[Task prompt]
For the records below, please print exactly and only the lines from the one with "舘山寺街道 冨塚方面からの駐車場入り口" down to the one with "В Польше завершились", both ends included, omitting the pictures.

[Extracted entries]
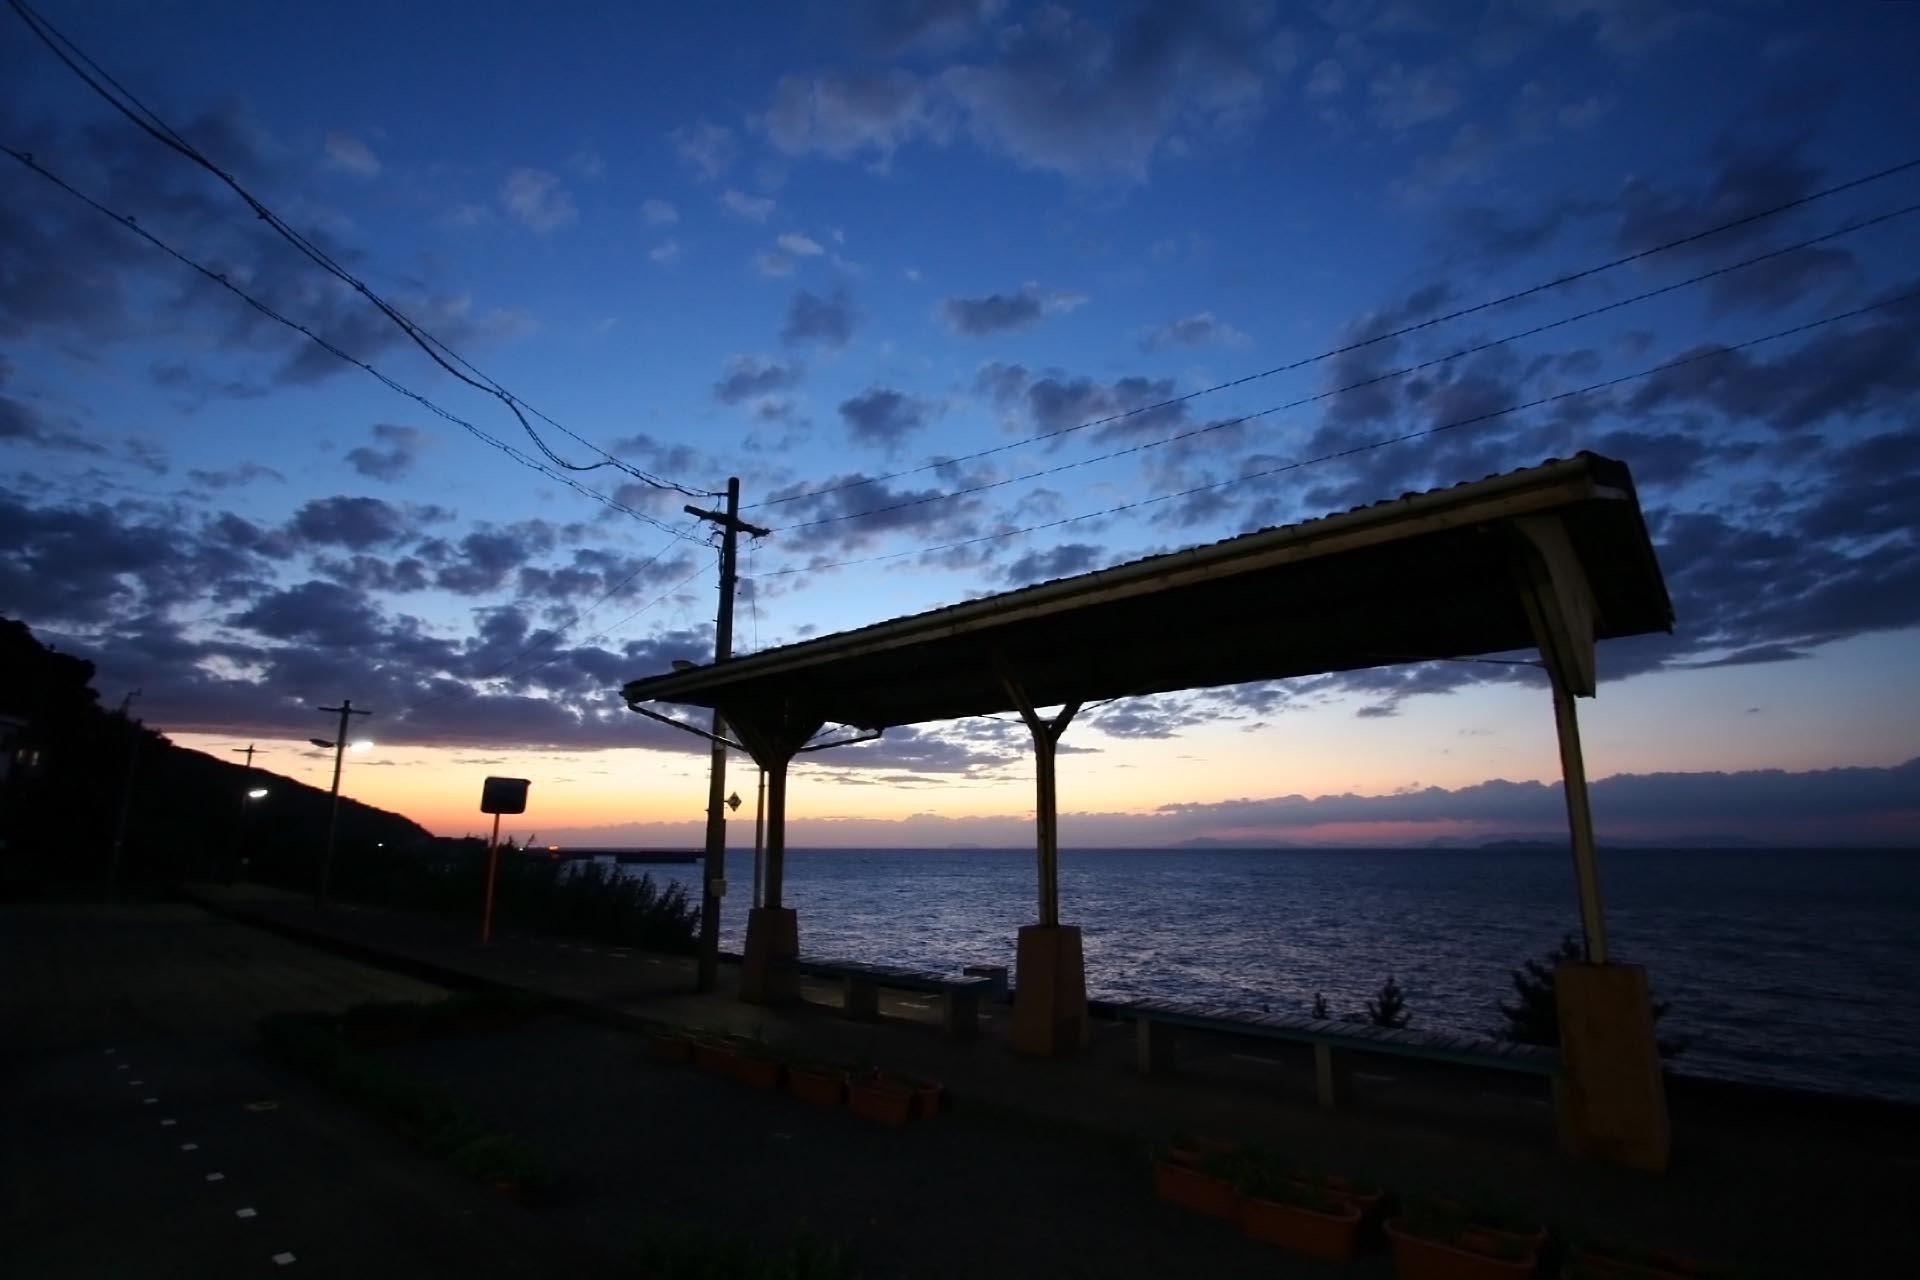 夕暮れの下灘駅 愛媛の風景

--

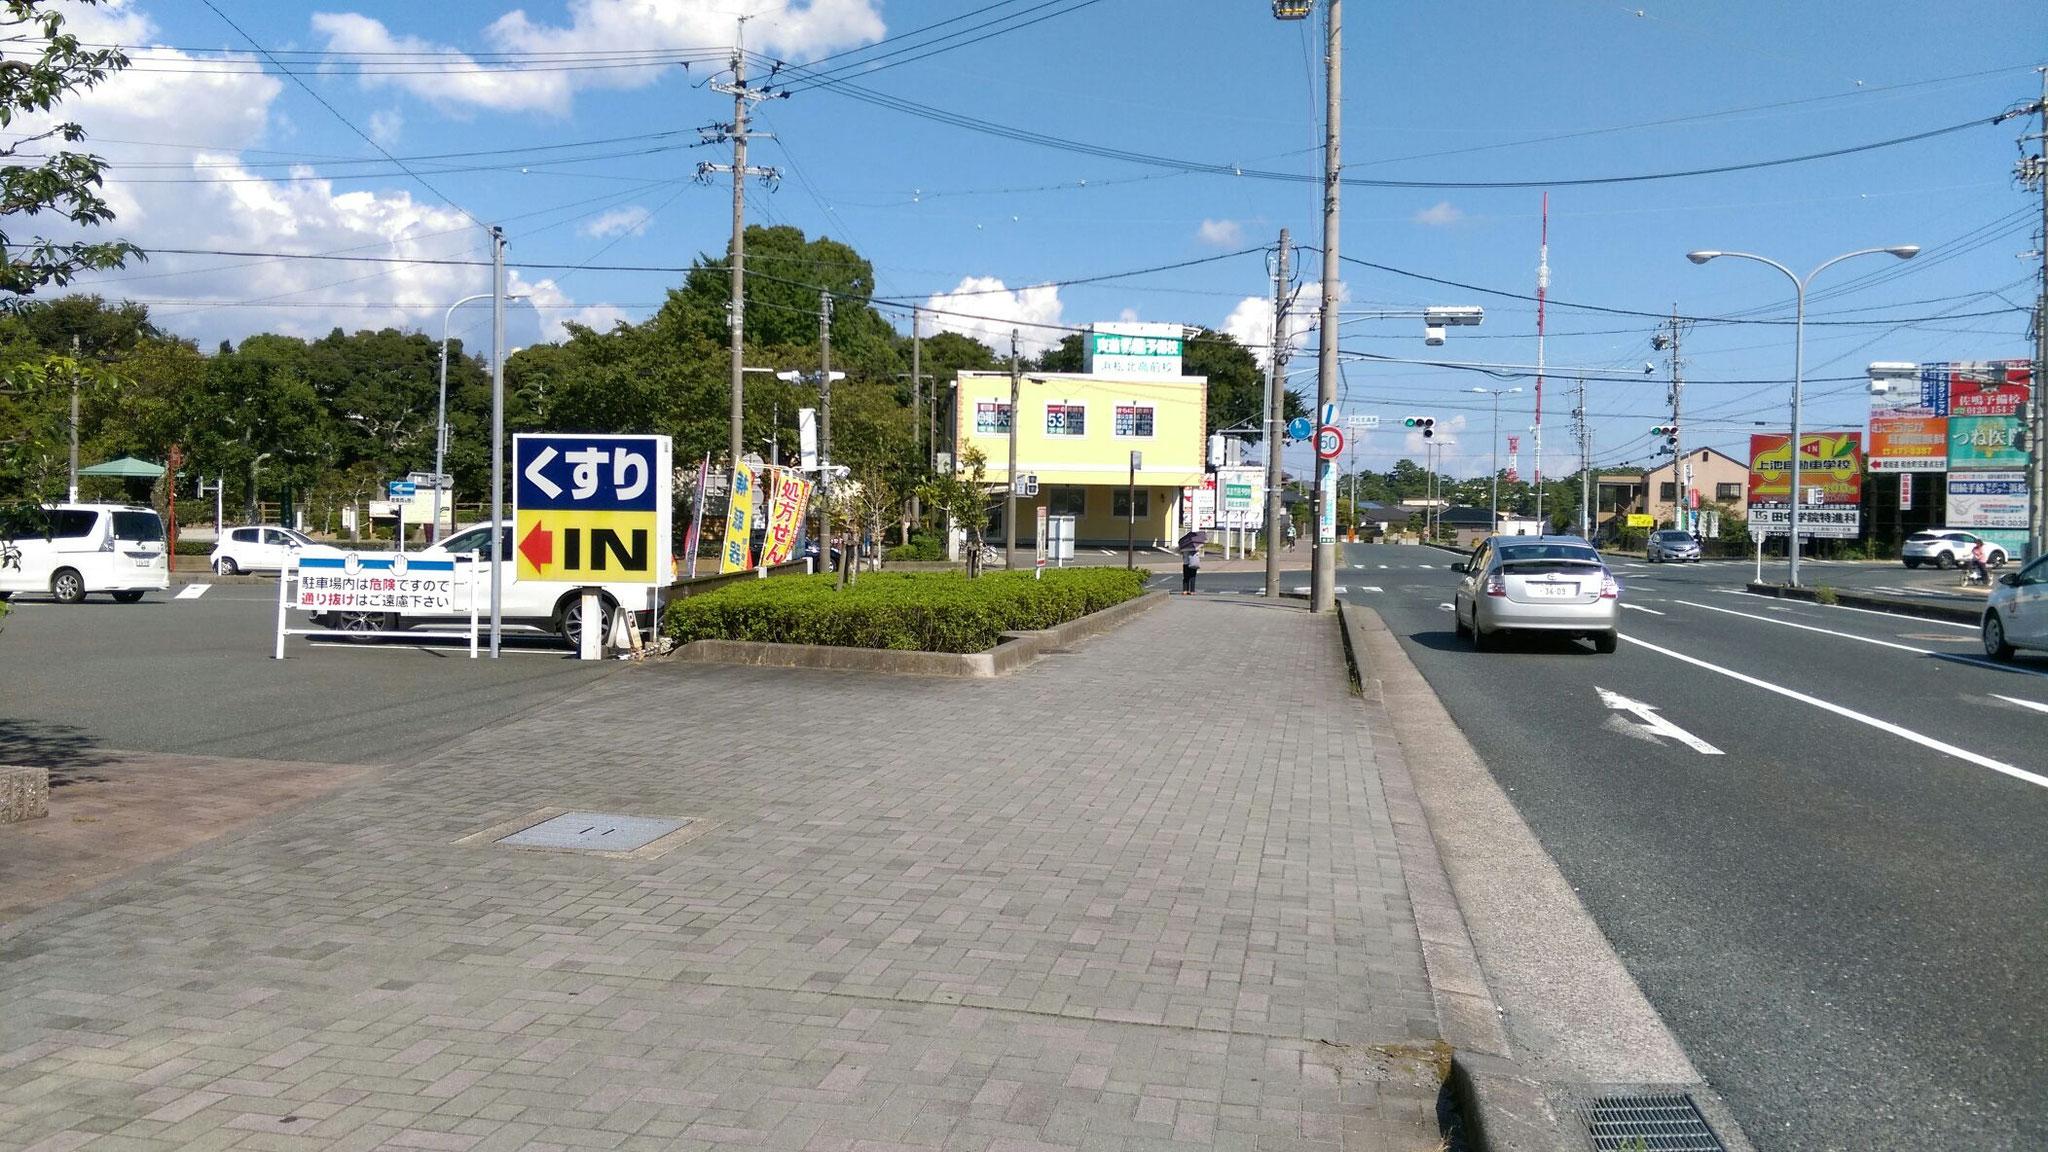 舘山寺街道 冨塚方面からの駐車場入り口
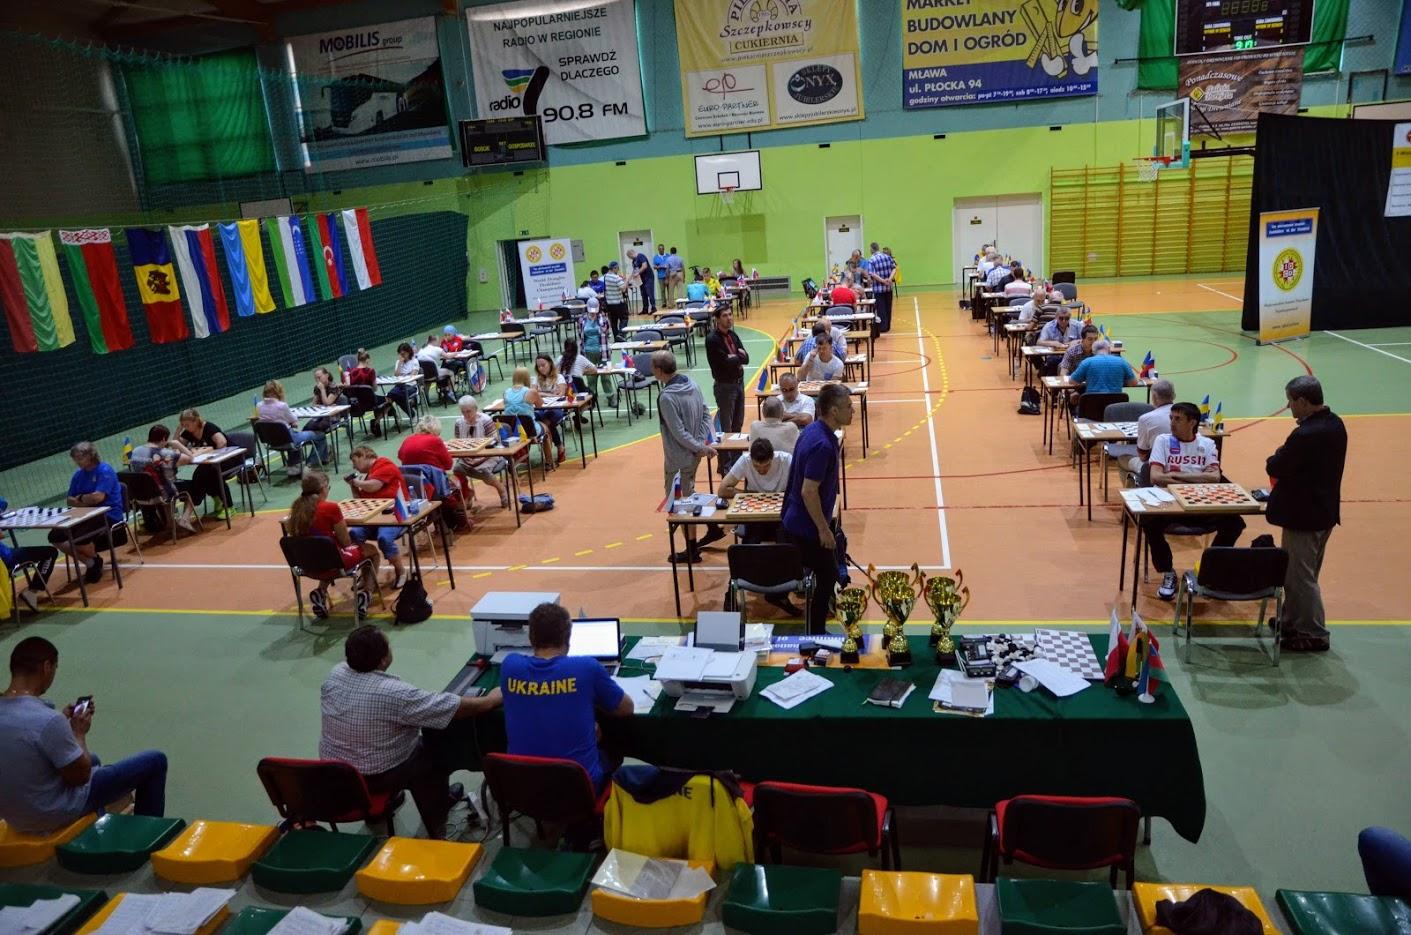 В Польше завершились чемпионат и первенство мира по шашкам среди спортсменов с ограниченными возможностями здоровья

==

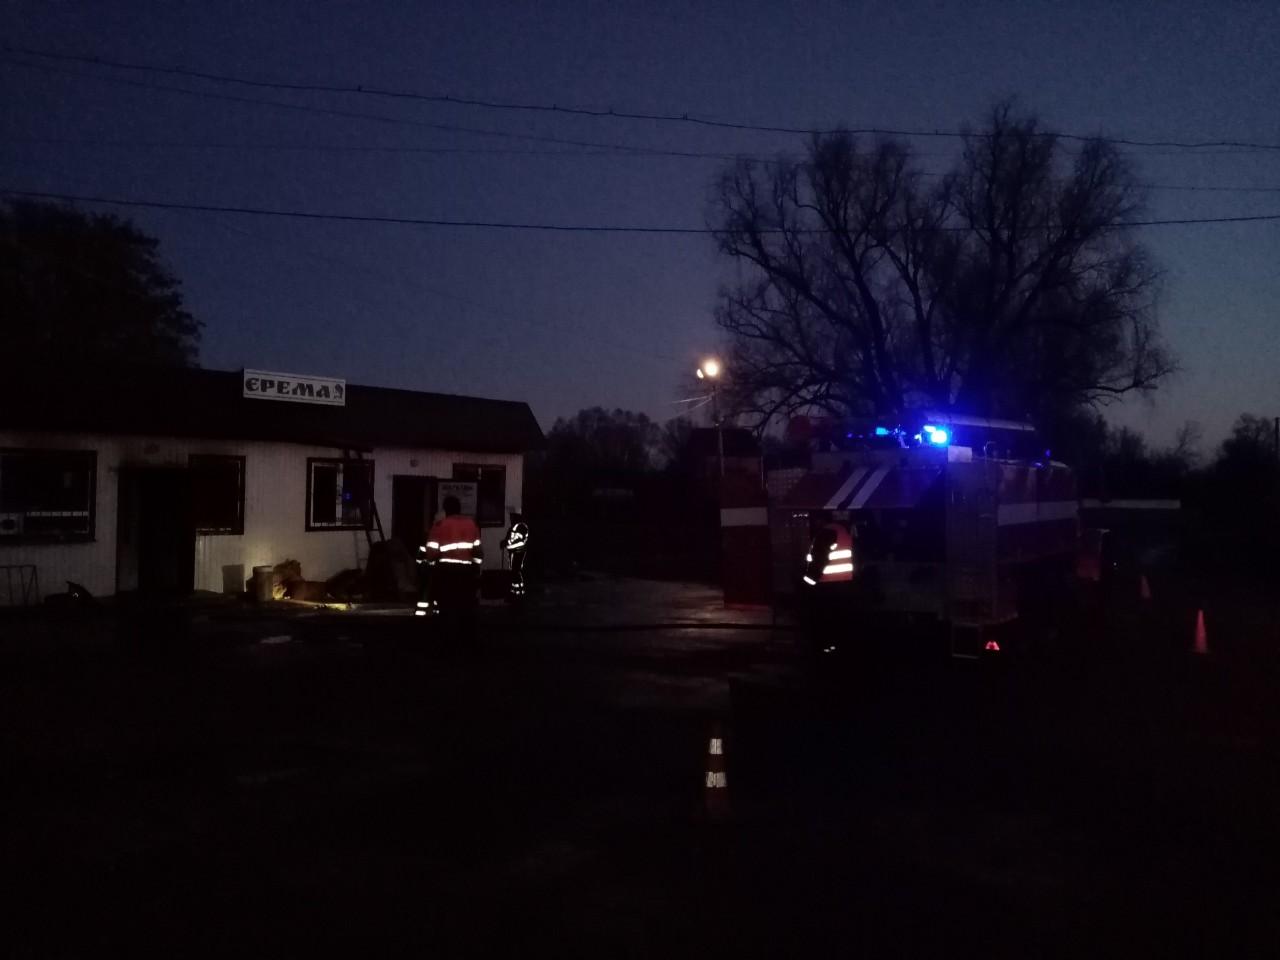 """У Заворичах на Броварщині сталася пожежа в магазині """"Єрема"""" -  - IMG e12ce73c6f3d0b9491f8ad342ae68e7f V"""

[Written solution]
 舘山寺街道 冨塚方面からの駐車場入り口
 В Польше завершились чемпионат и первенство мира по шашкам среди спортсменов с ограниченными возможностями здоровья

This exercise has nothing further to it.